[[ DATA SUPPLIED, beginning ]]

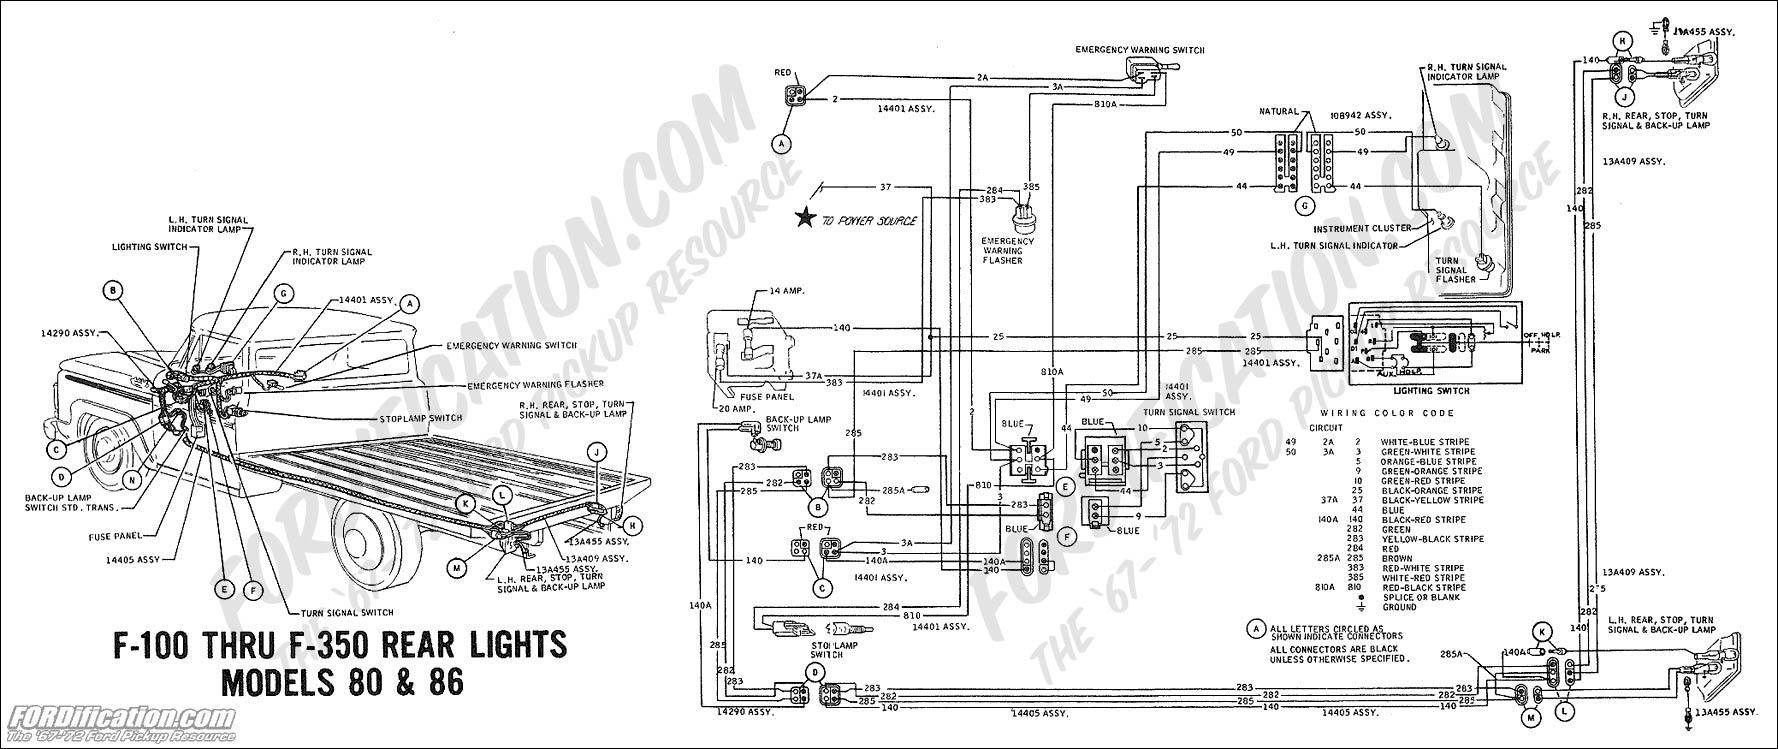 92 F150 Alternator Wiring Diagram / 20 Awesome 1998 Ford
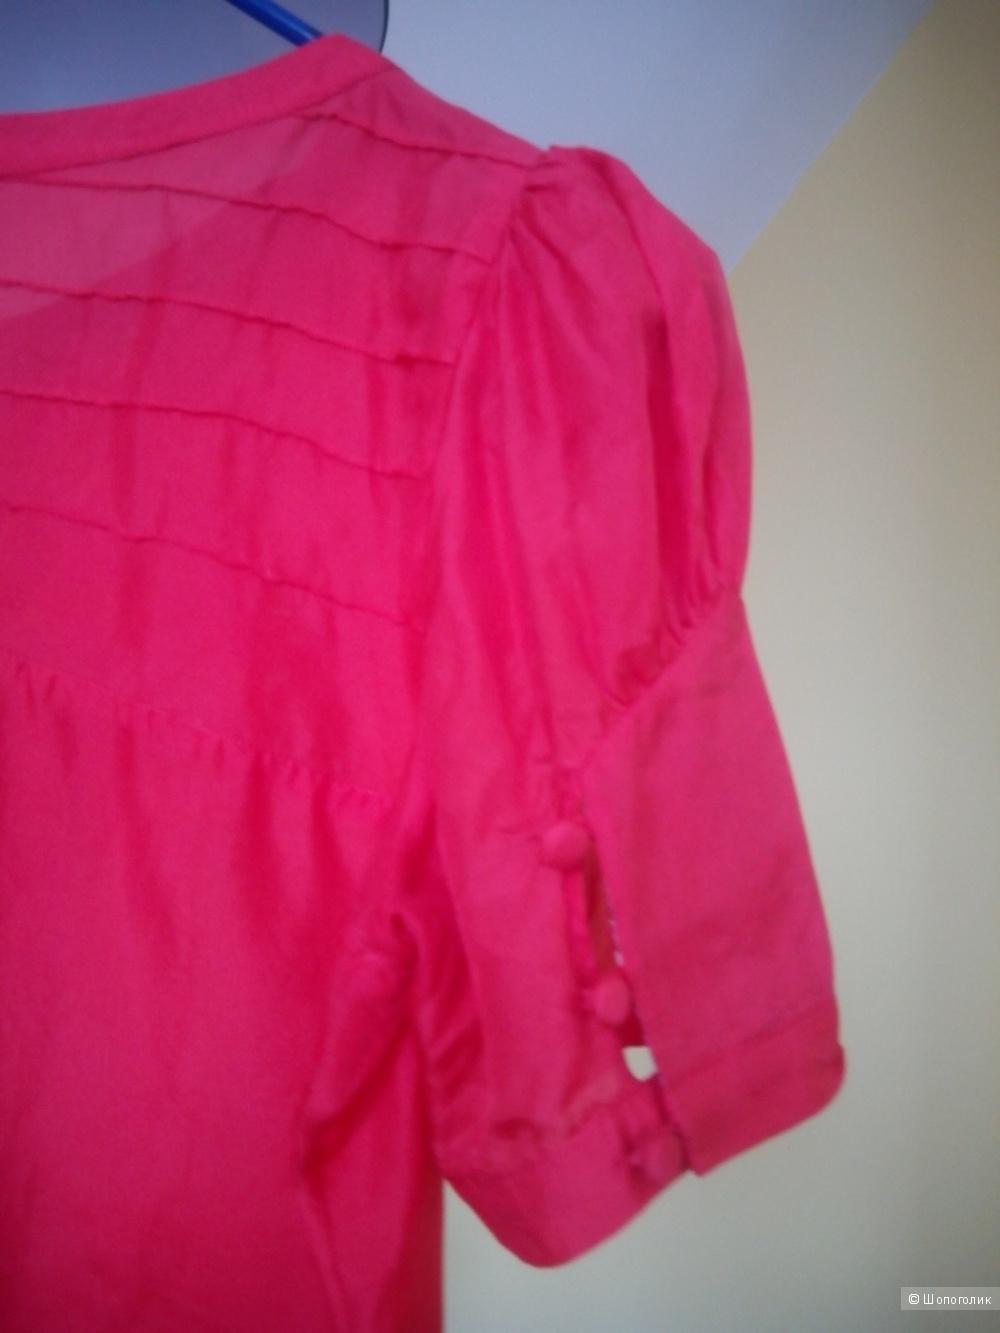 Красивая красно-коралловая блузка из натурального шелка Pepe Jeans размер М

[[ DATA SUPPLIED, end ]]
[[ DATA SUPPLIED, beginning ]]

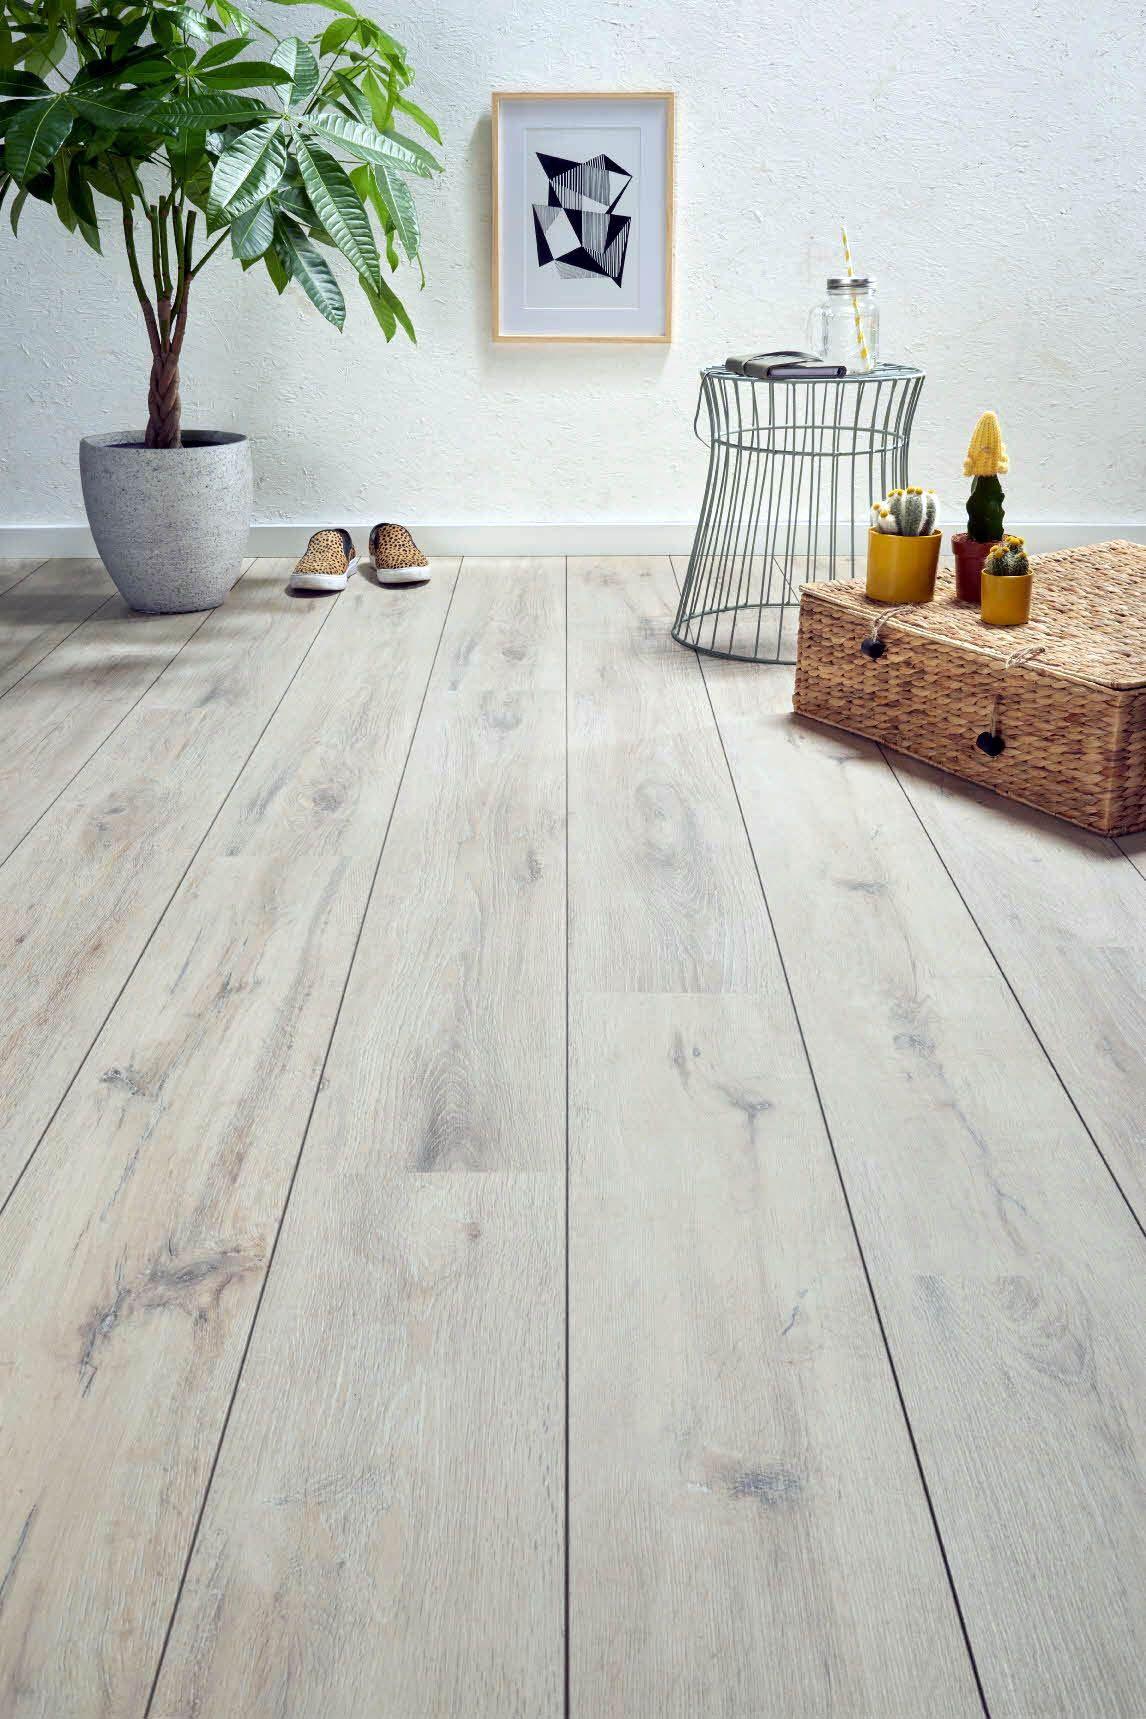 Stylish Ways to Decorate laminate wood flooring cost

[[ DATA SUPPLIED, end ]]

TASK ITEM:
Above are some entries. Restate word for word the lines from the one holding "92 F150 Alternator" through the one holding "Красивая красно-коралловая блузка", but not the pictures.

SOLUTION TO THE EXERCISE:
 92 F150 Alternator Wiring Diagram / 20 Awesome 1998 Ford
 Красивая красно-коралловая блузка из натурального шелка Pepe Jeans размер М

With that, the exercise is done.